TASK REQUIREMENTS. The data below holds the lines to copy: everything from the line containing "Zastupitelstva městského obvodu" to the line containing "Tricou Femei Pisici, Cat", both ends included, set down exactly.

TASK MATERIAL.
=== Begin Enclosure ===
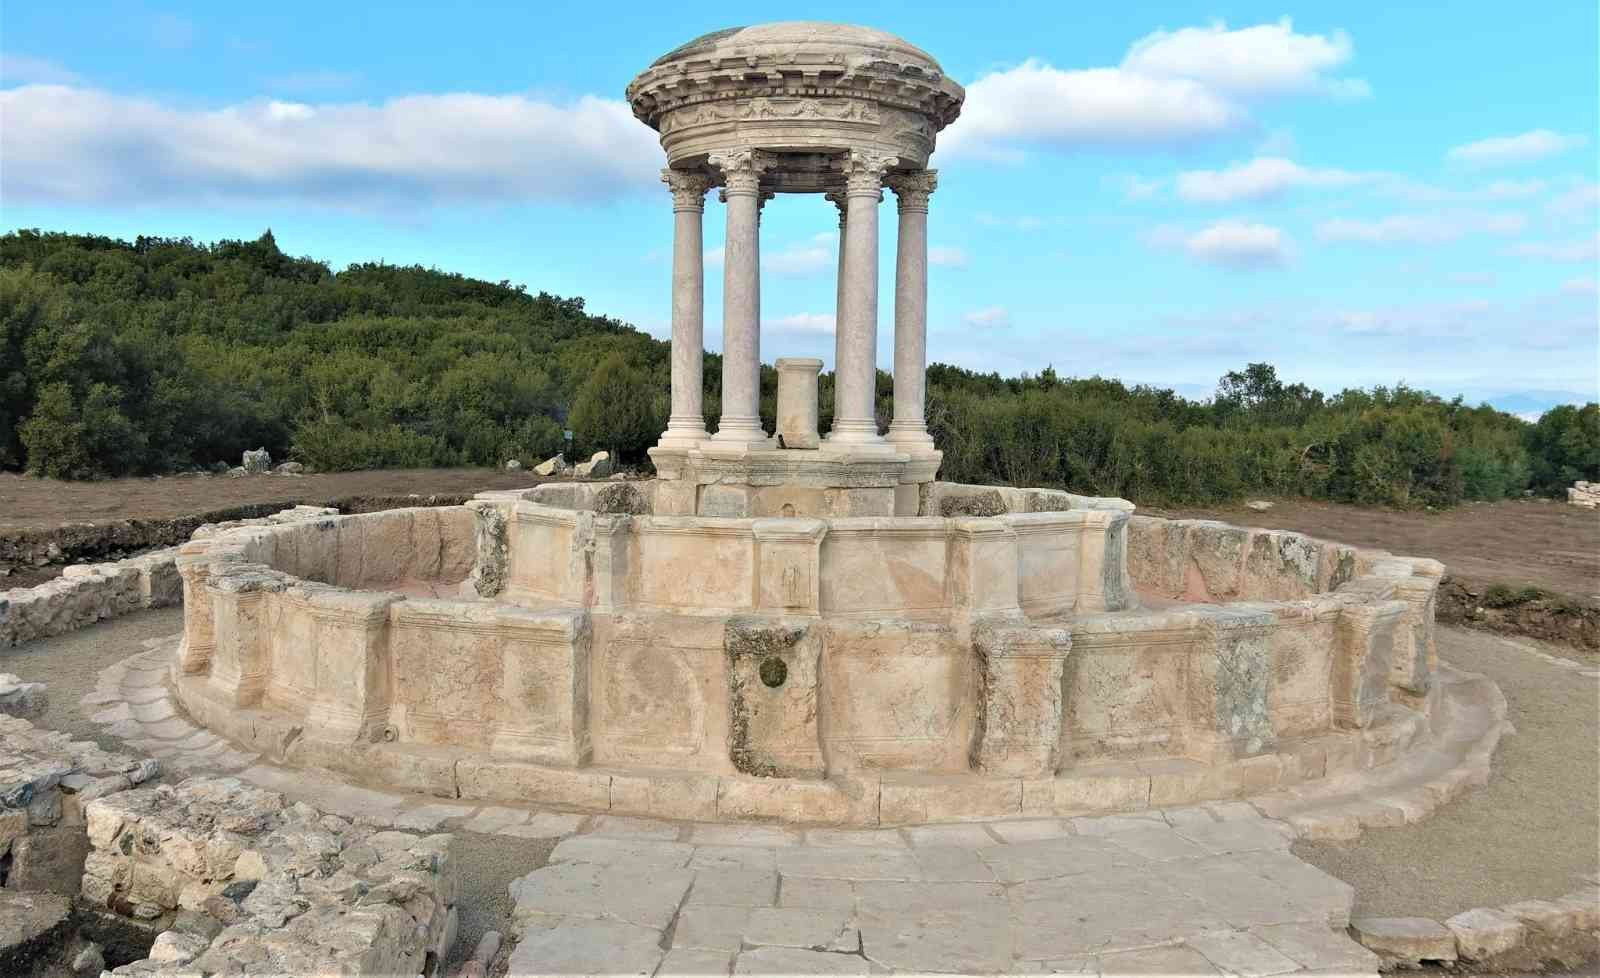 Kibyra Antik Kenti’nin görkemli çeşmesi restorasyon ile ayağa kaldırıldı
=== End Enclosure ===
=== Begin Enclosure ===
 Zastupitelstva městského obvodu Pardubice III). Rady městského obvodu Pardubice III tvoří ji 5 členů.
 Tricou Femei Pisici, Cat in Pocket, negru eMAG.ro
=== End Enclosure ===
=== Begin Enclosure ===
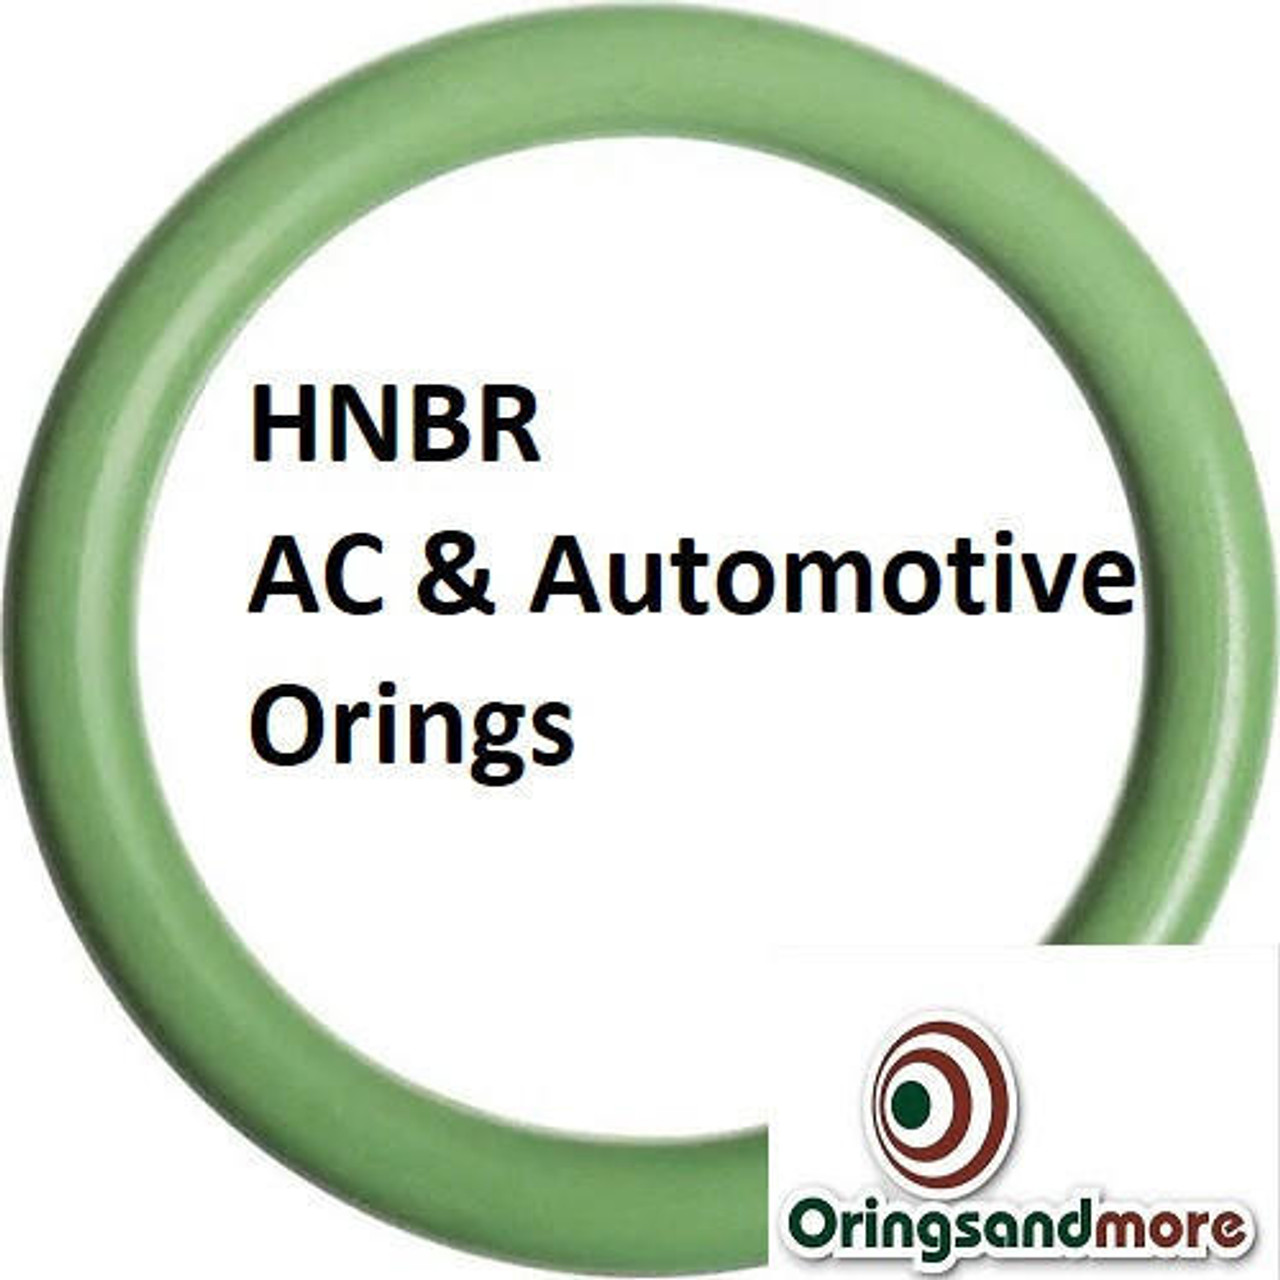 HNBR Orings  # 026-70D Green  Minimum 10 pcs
=== End Enclosure ===
EXPECTED ANSWER.
 Zastupitelstva městského obvodu Pardubice III). Rady městského obvodu Pardubice III tvoří ji 5 členů.
 Tricou Femei Pisici, Cat in Pocket, negru eMAG.ro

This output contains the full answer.